→ **Exercise**
Once the line with "VTC sufren problemas" is found in the data, output it and each following line exactly, up to and including the line with "Espadon Striped Cotton Shirt - Grey", and nothing before or after.

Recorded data
________________________________________

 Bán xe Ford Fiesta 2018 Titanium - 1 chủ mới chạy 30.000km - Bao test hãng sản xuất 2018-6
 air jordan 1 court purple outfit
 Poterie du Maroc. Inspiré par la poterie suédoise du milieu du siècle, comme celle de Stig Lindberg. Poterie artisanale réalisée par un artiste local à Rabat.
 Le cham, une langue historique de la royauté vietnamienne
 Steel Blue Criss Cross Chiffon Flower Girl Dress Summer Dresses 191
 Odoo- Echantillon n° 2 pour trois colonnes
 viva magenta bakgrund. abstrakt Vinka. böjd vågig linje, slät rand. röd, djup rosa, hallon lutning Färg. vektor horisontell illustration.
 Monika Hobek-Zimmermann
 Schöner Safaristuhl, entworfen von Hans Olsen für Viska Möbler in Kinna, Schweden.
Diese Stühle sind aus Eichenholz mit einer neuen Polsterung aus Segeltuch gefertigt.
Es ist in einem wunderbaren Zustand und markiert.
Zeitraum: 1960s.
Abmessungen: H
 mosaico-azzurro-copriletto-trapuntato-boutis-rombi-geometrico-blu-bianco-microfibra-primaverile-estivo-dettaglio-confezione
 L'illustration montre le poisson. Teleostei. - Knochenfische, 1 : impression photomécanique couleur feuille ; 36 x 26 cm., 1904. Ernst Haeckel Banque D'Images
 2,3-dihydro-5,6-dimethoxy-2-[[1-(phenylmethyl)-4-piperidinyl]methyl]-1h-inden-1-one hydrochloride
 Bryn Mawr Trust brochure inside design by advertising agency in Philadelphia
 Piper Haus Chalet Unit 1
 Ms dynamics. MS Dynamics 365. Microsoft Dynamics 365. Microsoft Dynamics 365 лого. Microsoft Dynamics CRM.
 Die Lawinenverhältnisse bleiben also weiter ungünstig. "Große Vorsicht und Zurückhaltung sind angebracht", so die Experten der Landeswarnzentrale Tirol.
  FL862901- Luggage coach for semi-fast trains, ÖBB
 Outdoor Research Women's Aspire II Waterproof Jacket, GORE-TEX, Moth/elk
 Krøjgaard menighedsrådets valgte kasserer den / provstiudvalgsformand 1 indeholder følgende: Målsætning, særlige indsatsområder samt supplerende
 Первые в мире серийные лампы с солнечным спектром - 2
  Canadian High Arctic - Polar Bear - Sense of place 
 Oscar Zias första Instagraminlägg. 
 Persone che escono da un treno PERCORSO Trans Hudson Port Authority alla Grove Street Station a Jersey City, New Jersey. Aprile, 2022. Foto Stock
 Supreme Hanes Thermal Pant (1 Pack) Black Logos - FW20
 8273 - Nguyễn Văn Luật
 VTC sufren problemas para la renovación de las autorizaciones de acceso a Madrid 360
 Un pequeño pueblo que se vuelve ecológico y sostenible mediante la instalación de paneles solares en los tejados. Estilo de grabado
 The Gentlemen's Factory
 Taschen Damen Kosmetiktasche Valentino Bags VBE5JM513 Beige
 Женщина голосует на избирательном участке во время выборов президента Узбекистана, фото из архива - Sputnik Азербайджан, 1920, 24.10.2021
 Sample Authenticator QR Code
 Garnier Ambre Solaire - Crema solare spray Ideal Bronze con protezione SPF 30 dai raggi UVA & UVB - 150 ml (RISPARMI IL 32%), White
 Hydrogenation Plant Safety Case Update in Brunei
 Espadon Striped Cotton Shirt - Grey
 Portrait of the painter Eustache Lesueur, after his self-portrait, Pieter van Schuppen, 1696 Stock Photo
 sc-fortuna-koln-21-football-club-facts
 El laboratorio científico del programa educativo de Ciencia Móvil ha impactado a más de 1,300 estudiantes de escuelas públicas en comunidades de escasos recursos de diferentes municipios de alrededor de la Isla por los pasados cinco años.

________________________________________

→ **Answer**
 VTC sufren problemas para la renovación de las autorizaciones de acceso a Madrid 360
 Un pequeño pueblo que se vuelve ecológico y sostenible mediante la instalación de paneles solares en los tejados. Estilo de grabado
 The Gentlemen's Factory
 Taschen Damen Kosmetiktasche Valentino Bags VBE5JM513 Beige
 Женщина голосует на избирательном участке во время выборов президента Узбекистана, фото из архива - Sputnik Азербайджан, 1920, 24.10.2021
 Sample Authenticator QR Code
 Garnier Ambre Solaire - Crema solare spray Ideal Bronze con protezione SPF 30 dai raggi UVA & UVB - 150 ml (RISPARMI IL 32%), White
 Hydrogenation Plant Safety Case Update in Brunei
 Espadon Striped Cotton Shirt - Grey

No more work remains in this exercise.